— TASK DETAILS —
This exercise asks for an exact copy of the lines from the one containing "Pb sistólica baja de la espalda" through the final line of the material, with pictures omitted.

— COLLECTED MATERIAL —
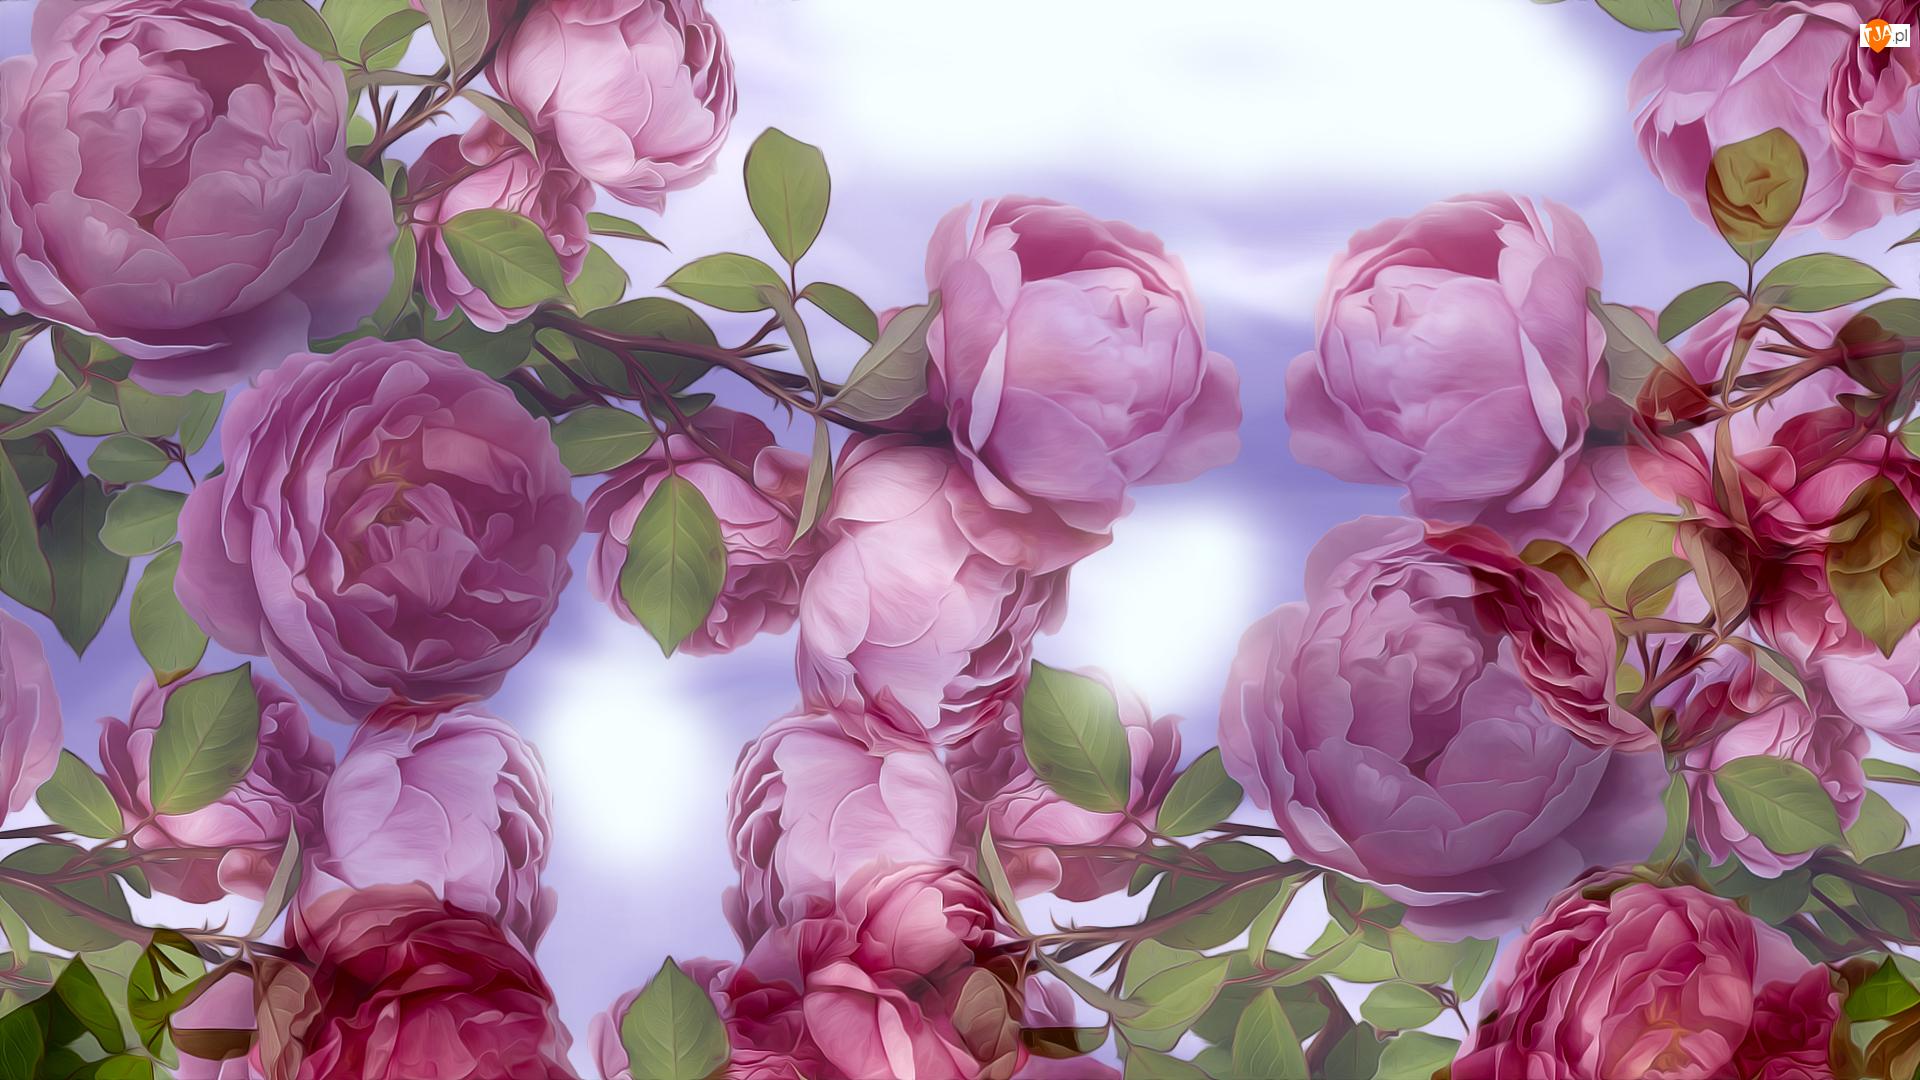 Kwiaty, Grafika, Róże, Różowe, Pąki
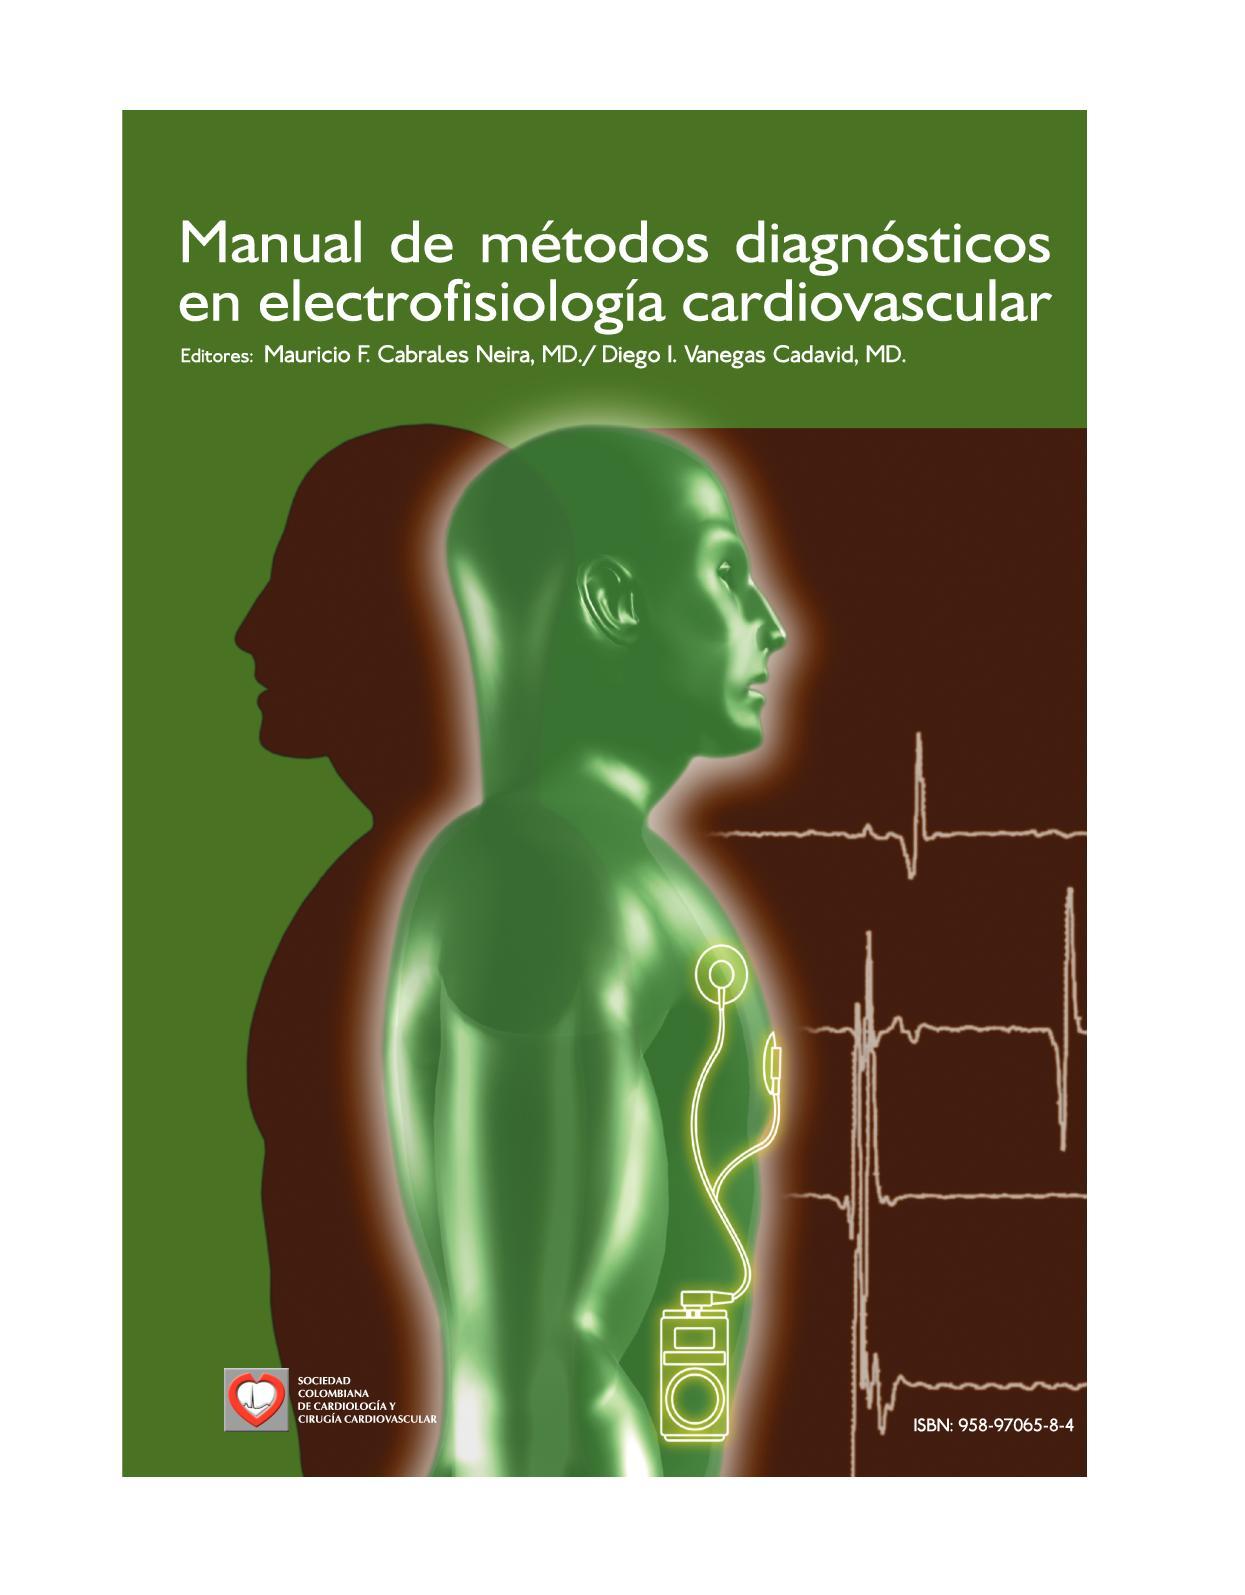 Pb sistólica baja de la espalda
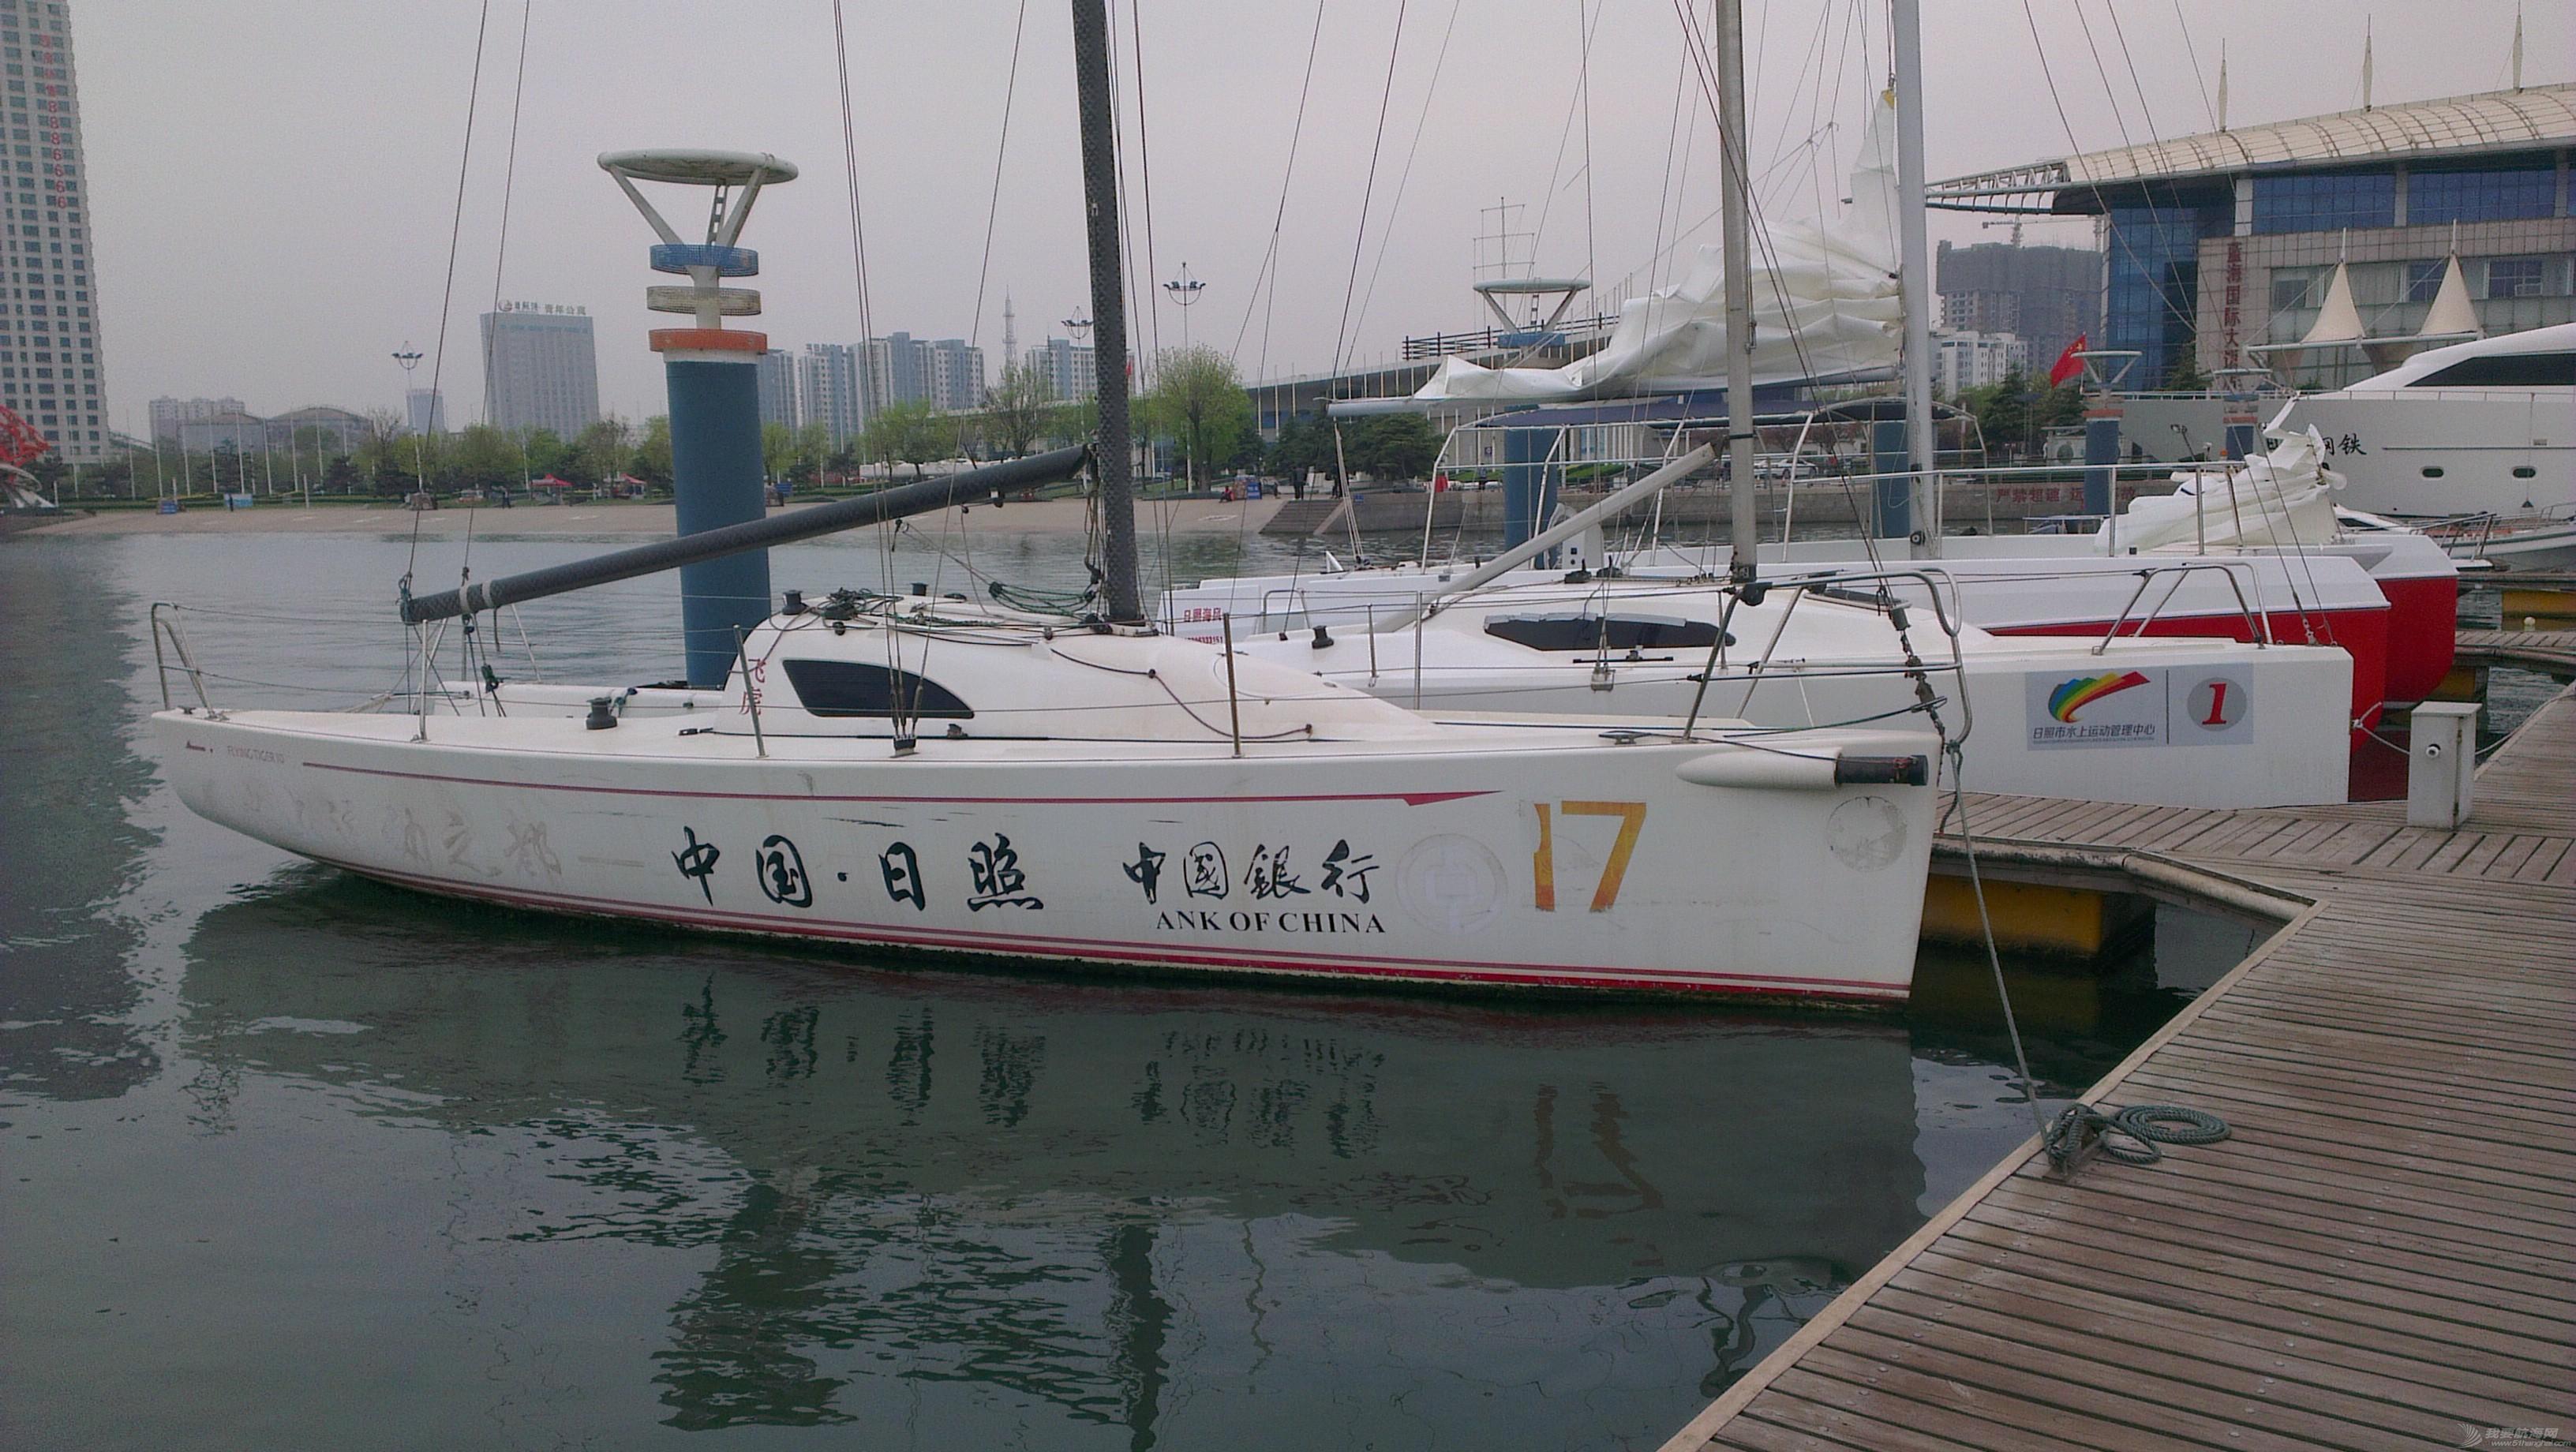 航海公益____帆船学习日记 IMAG1382.jpg

— PROBLEM SOLUTION —
 Pb sistólica baja de la espalda
 航海公益____帆船学习日记 IMAG1382.jpg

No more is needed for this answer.